Tarihin seyrini değiştirmiş olan Kavimler Göçü’nün sebebi de savaşlardır, sonucu da savaşlar olmuştur.
Sözgelimi, savaş dünyaya etki eden en mühim unsur ve sanattır.
Semavî olan dinî kaynaklara göre ilk insan Âdem’in iki oğlu arasında bile mücadele yaşanmıştır.Bu da savaş ve mücadelenin oldukça köklü bir geçmişi olduğunu göstermektedir.
“Peki insanların ölümüne sebep olan bir şey sanat olabilir mi?” diye merak edecek kişiler de elbet vardır.Onlara dünyada ölümü engelleyecek bir şeyin olup olmadığını sorunuz.
Ölüm, sebebi ne olursa olsun hayatın değişmez bir kaidesi olarak kalacaktır.
Âb-ı hayat henüz keşfedilmediğine göre ölüm denen kanunu hiç kimse engelleyemeyecektir.
Savaşta ölen insanlar her zaman kendi yakınları tarafından ululanır.
Bilhassa Türk milleti için savaşta ölen şehitler, en yüksek mertebeye erişmiş kişilerdir.Onlar her daim başlarımızın üstündedir.
Bu misaller elbette ki arttırılabilir.
Savaşın hayattaki rolü, etkisi, katkısı apaçık meydandadır.Bunları inkâr edecek olan bir kişinin zekâsından da şüphe edilmelidir.
Durmadan “Dünya Barışı” terânesini savuranlar dünyada barış adına ne yapıldığını sorgulasınlar.

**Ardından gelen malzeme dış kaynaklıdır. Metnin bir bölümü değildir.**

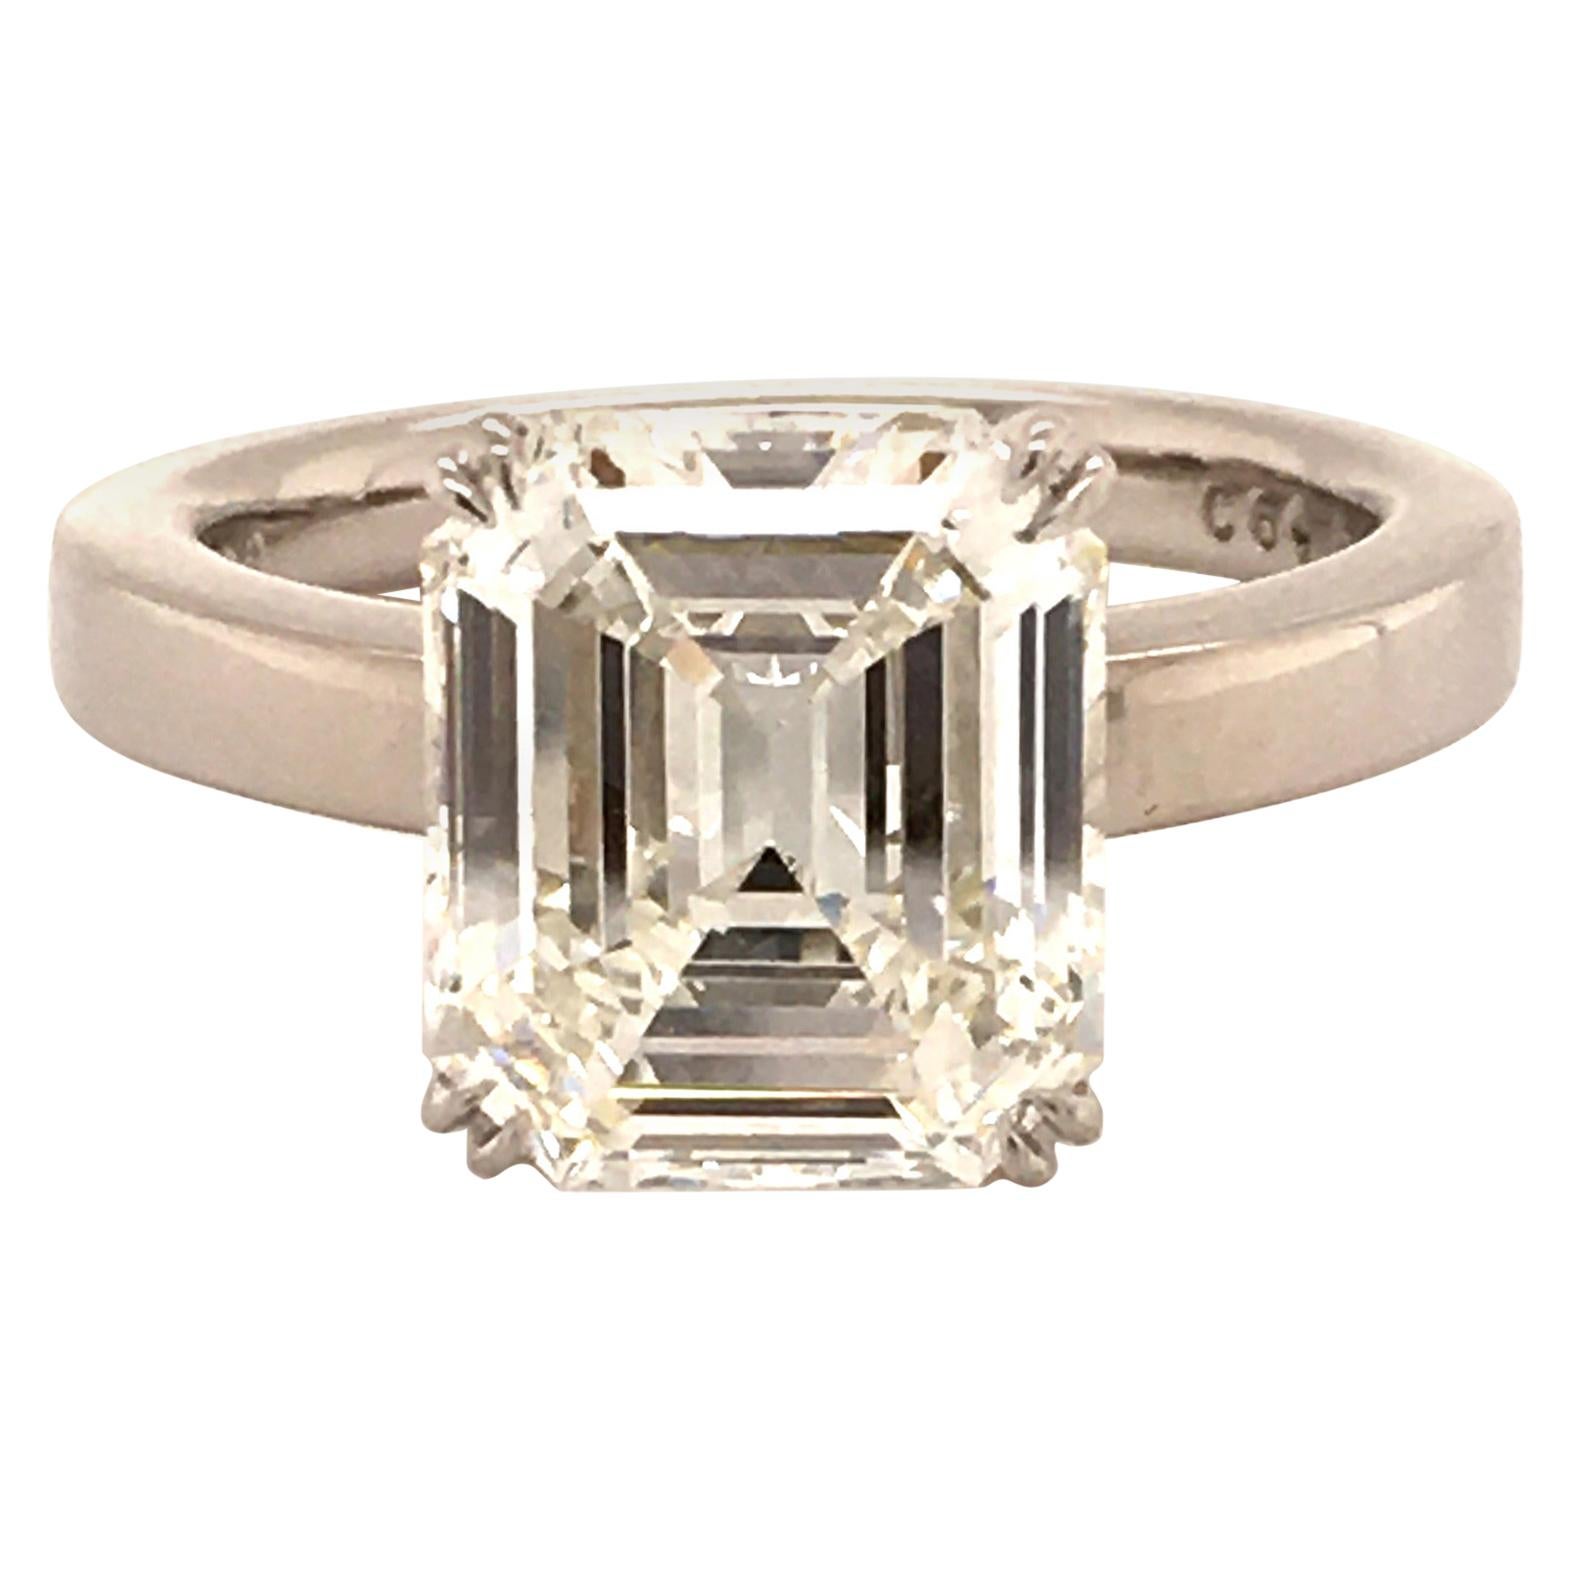 GIA Certified 3.37 Carat H-IF Emerald Cut Diamond Ring For Sale
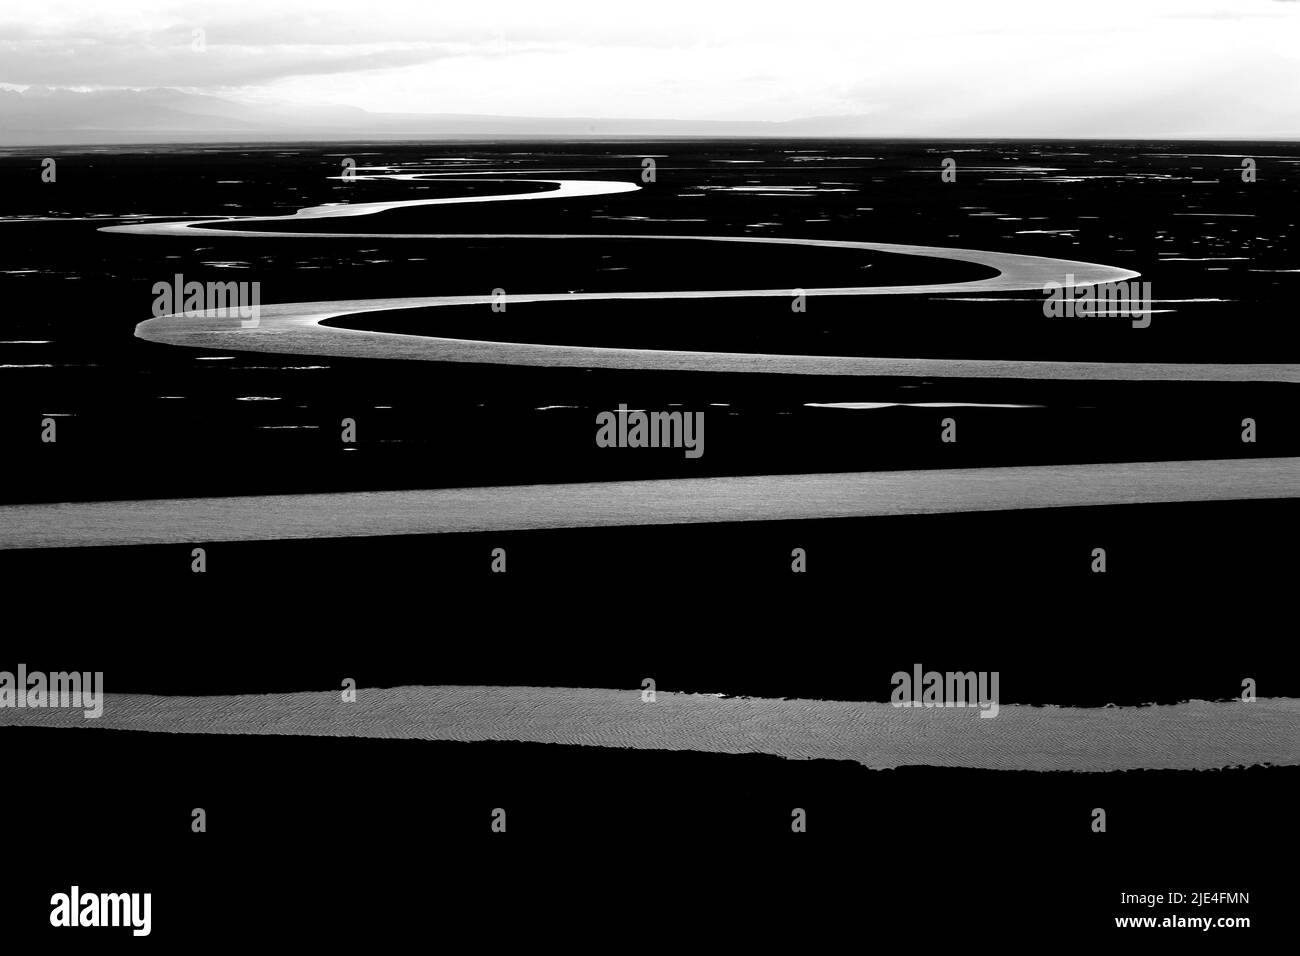 Hydrophytes Black and White Stock Photos & Images - Alamy

Dünyada barışı sağlamak (!) vs. gibi amaçlarla kurulmuş olan Birleşmiş Milletler teşkilâtının 5 daimî üyesinin, aynı zamanda dünyadaki en büyük silâh satıcıları olduğunu bilsinler.
Mesele bu kadar basittir.
Savaş; milletlere faydası, medeniyete katkısı ve dünya tarihine etkisi olduğu için en büyük sanattır.Diğer sanatlar bu raddeye gelememiş ve gelemeyecektir.
Ayrıca en büyük sanat savaş ise bu sanatın en büyük sanatkârı kimdir? Bu da merak edilecektir.
Bu sorunun cevabı da tarihe bakıldığında, birazcık tarih bilgisi edinildiğinde ve ufak bir mantık yürütüldüğünde gözler önüne serilecektir.
Dipçe: Öne çıkan görsel, Kıbrıs Harekâtı sırasında Beşparmak Dağları’nın tepesine çıkmış olan bir Türk tankına aittir.